• PROBLEM TO WORK ON
Wherever the records include pictures, skip them and transcribe all the rest word for word.

• EXERCISE INPUTS
········

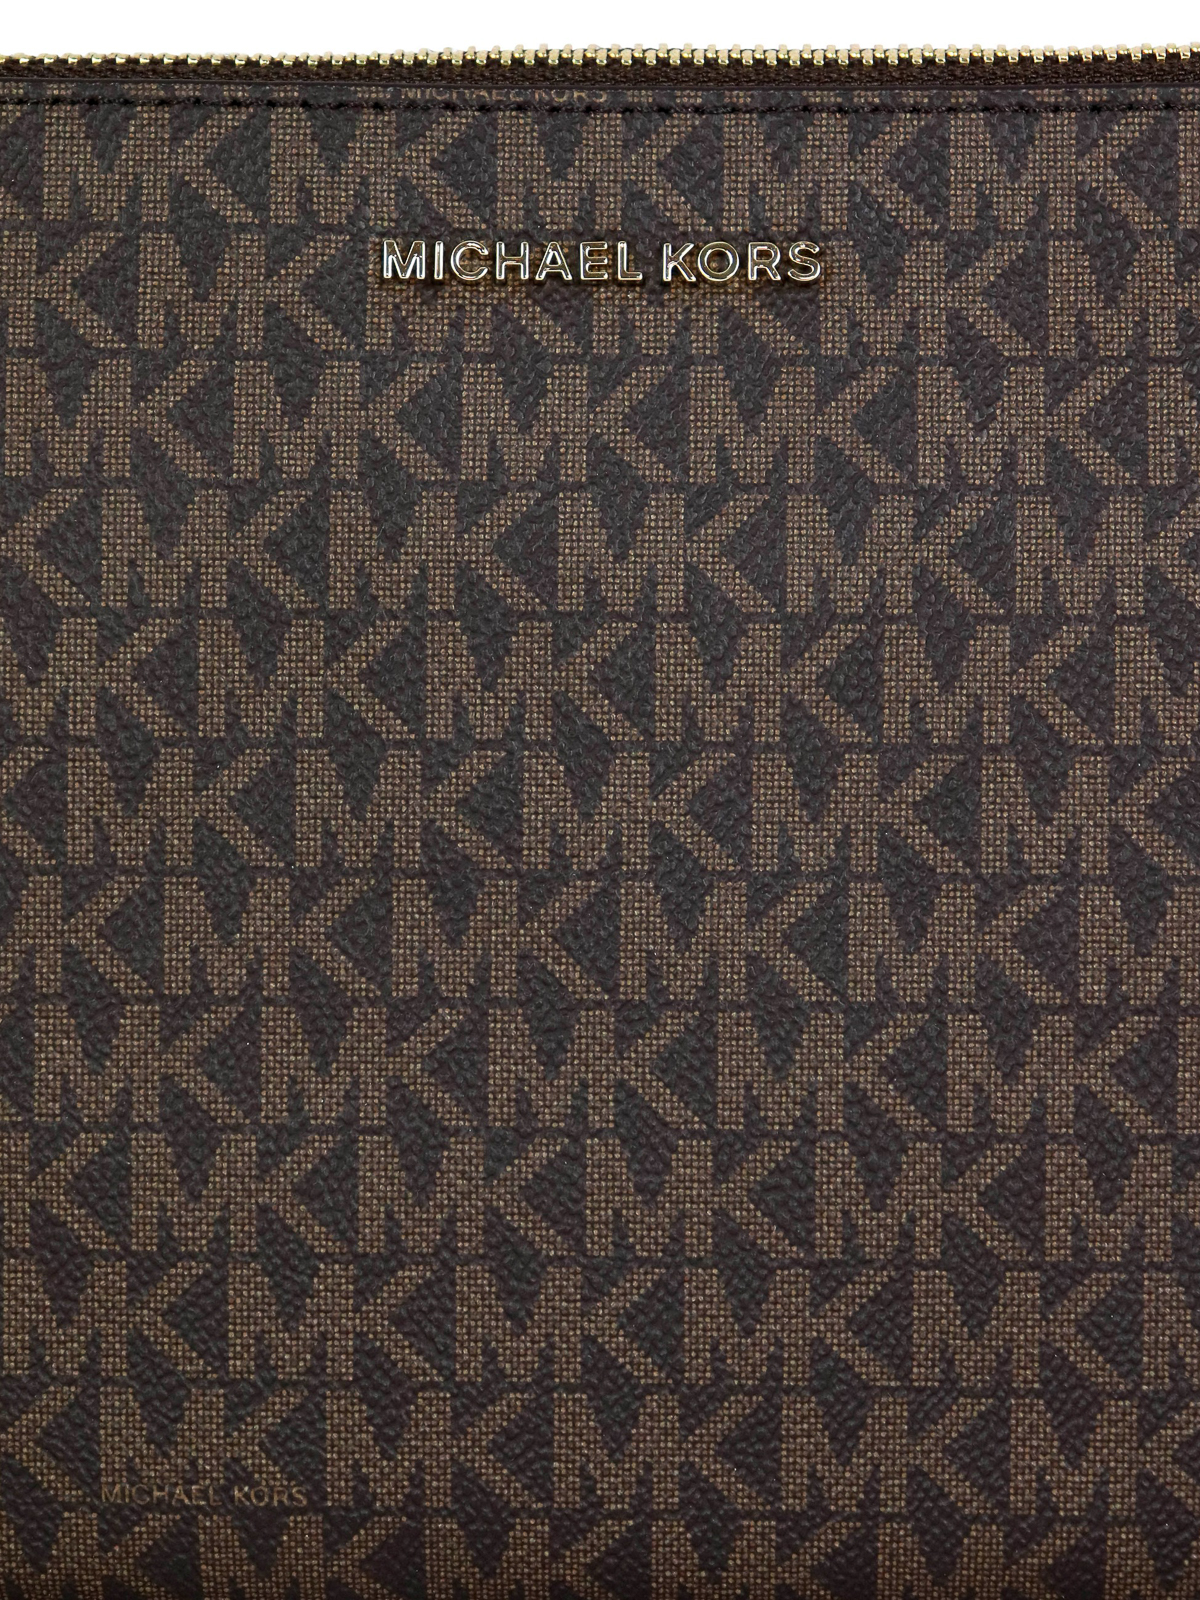 Michael Kors Adele MD Leather Messenger Bag in Black/Cement (35T8SAFM2 –  Rafaelos
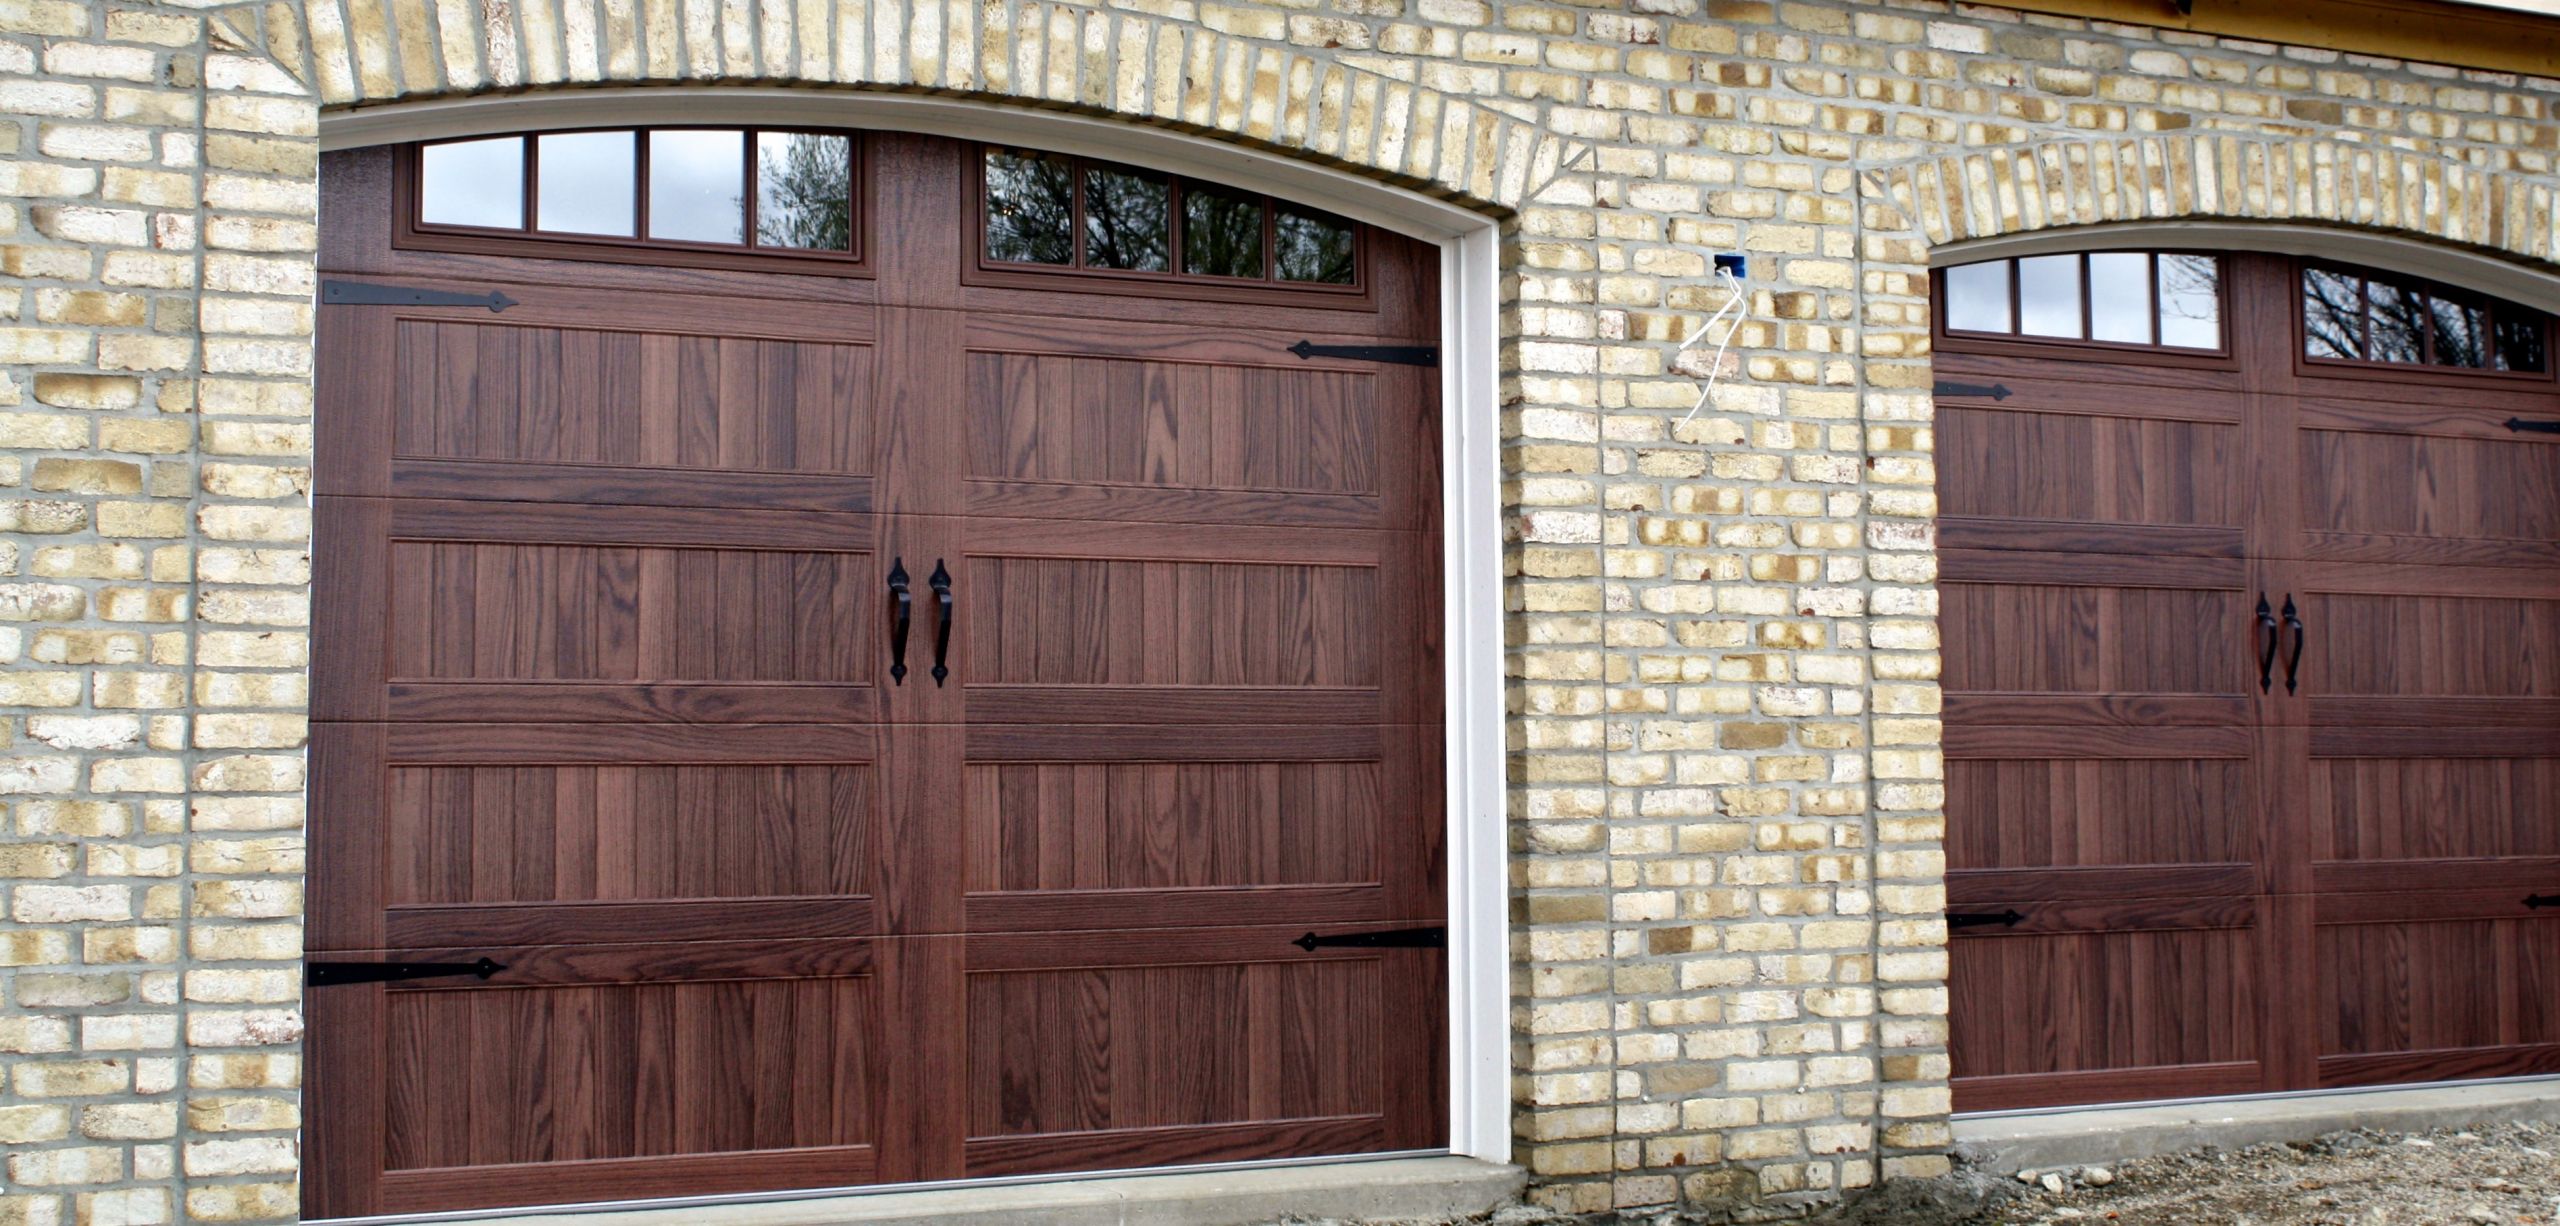 Garage Door Panels
 faux wood arched overhead garage doors in mahogany and
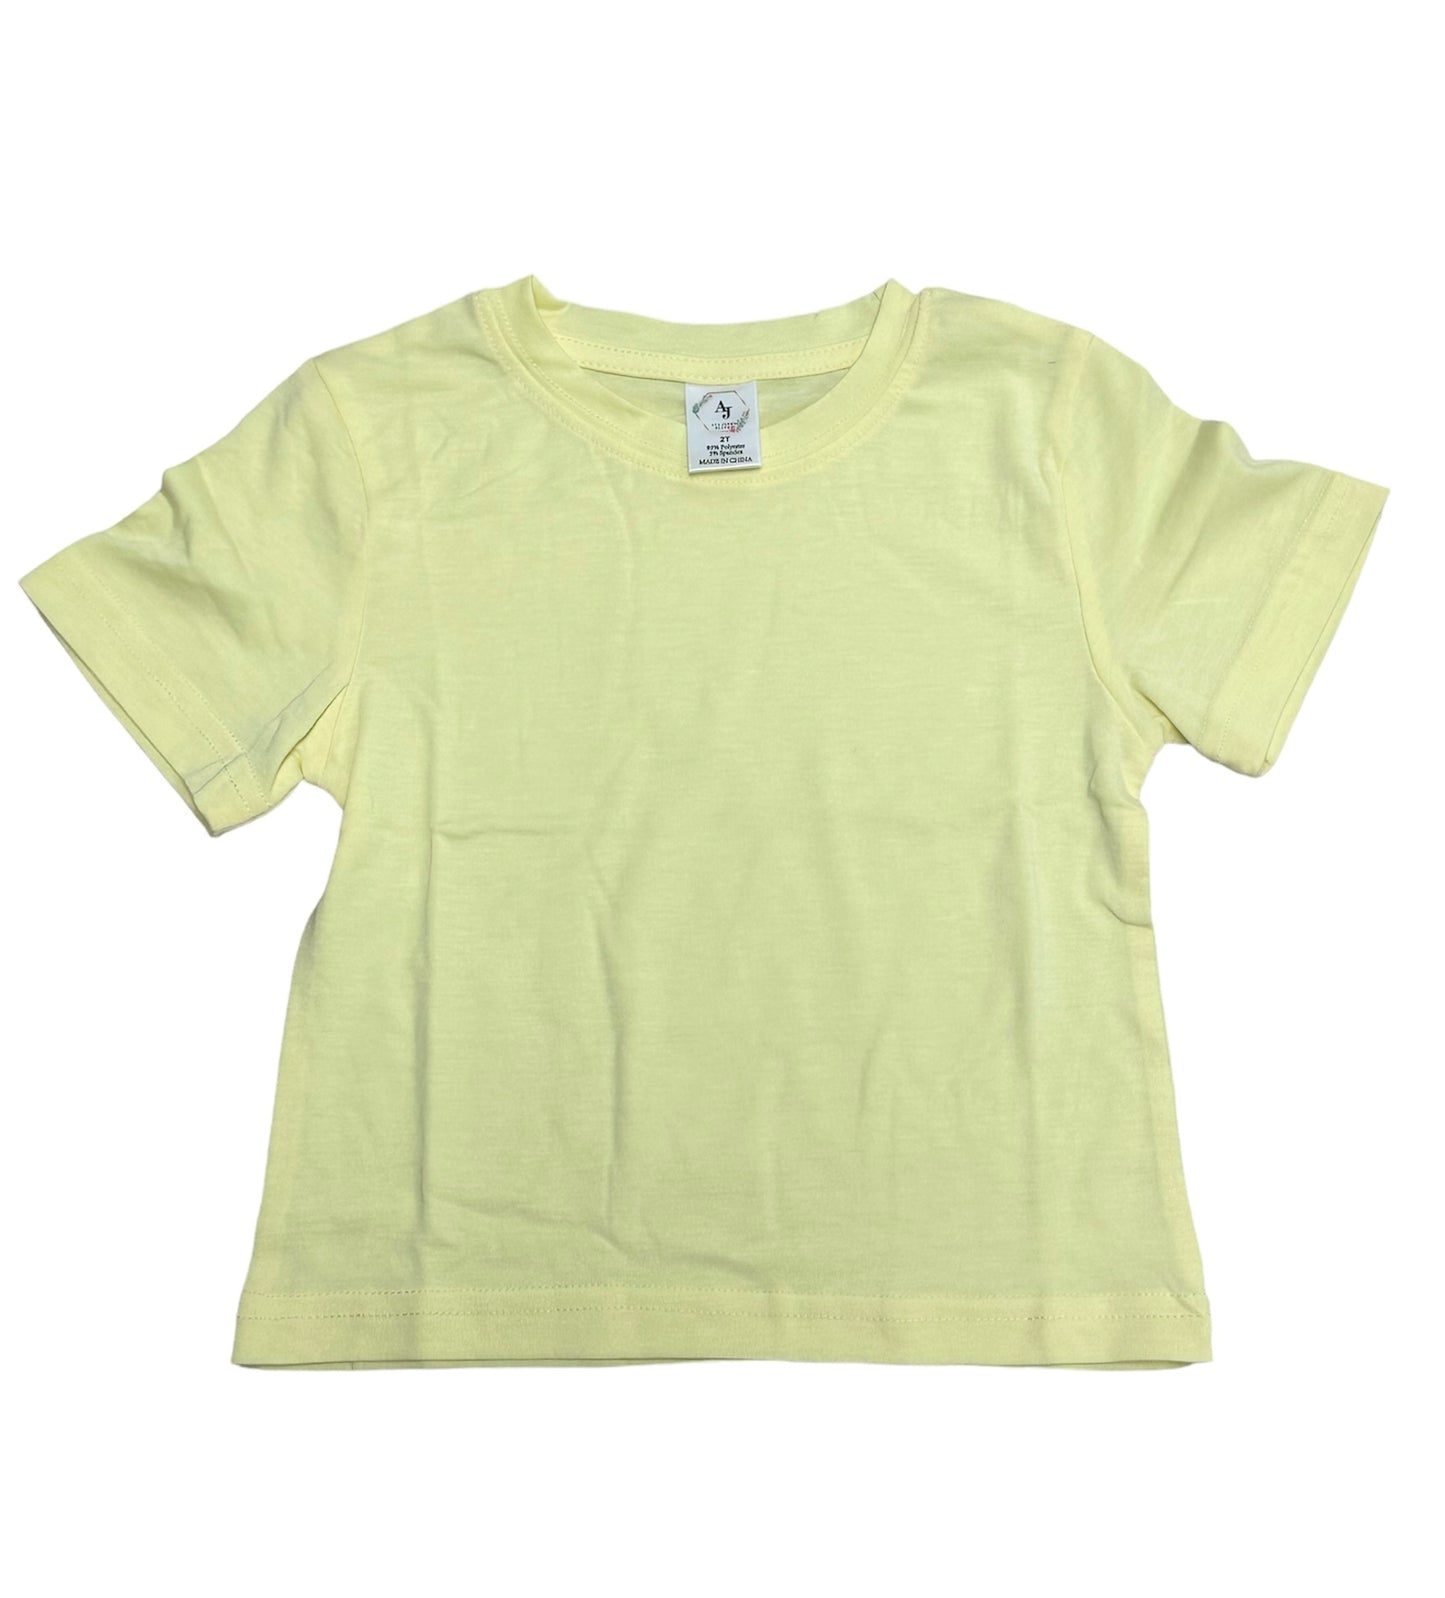 Spring Solid Kids Unisex Shirt
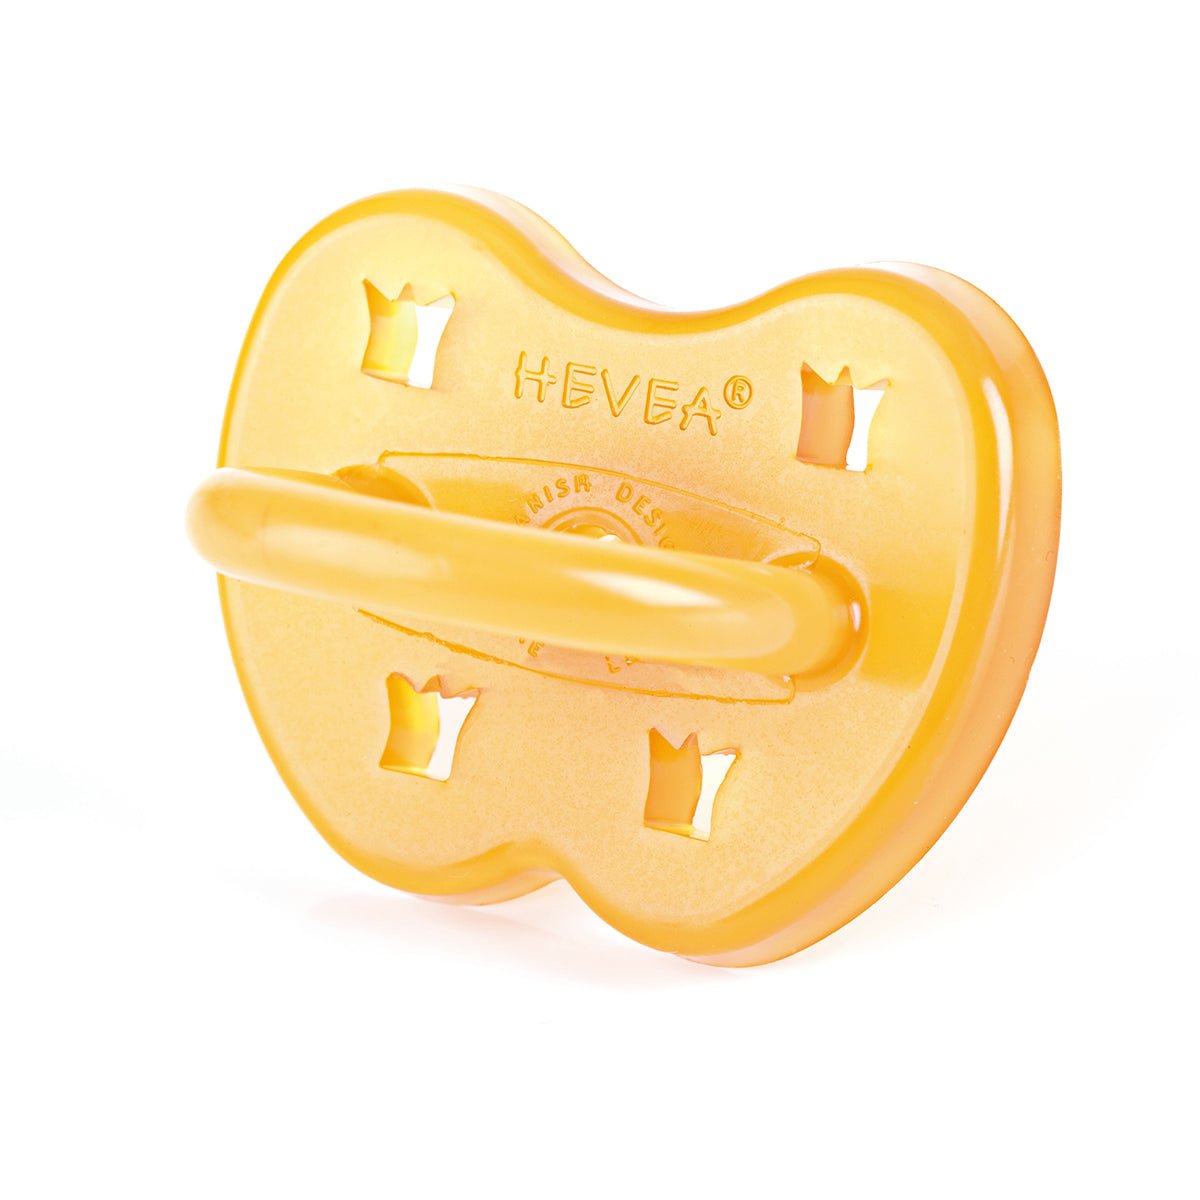 Hevea Pacifier Classic Crown 0-3 | Hevea

········

• TASK SOLUTION
 Michael Kors Adele MD Leather Messenger Bag in Black/Cement (35T8SAFM2 –  Rafaelos
 Garage Door Panels
 faux wood arched overhead garage doors in mahogany and
 Spring Solid Kids Unisex Shirt
 Hevea Pacifier Classic Crown 0-3 | Hevea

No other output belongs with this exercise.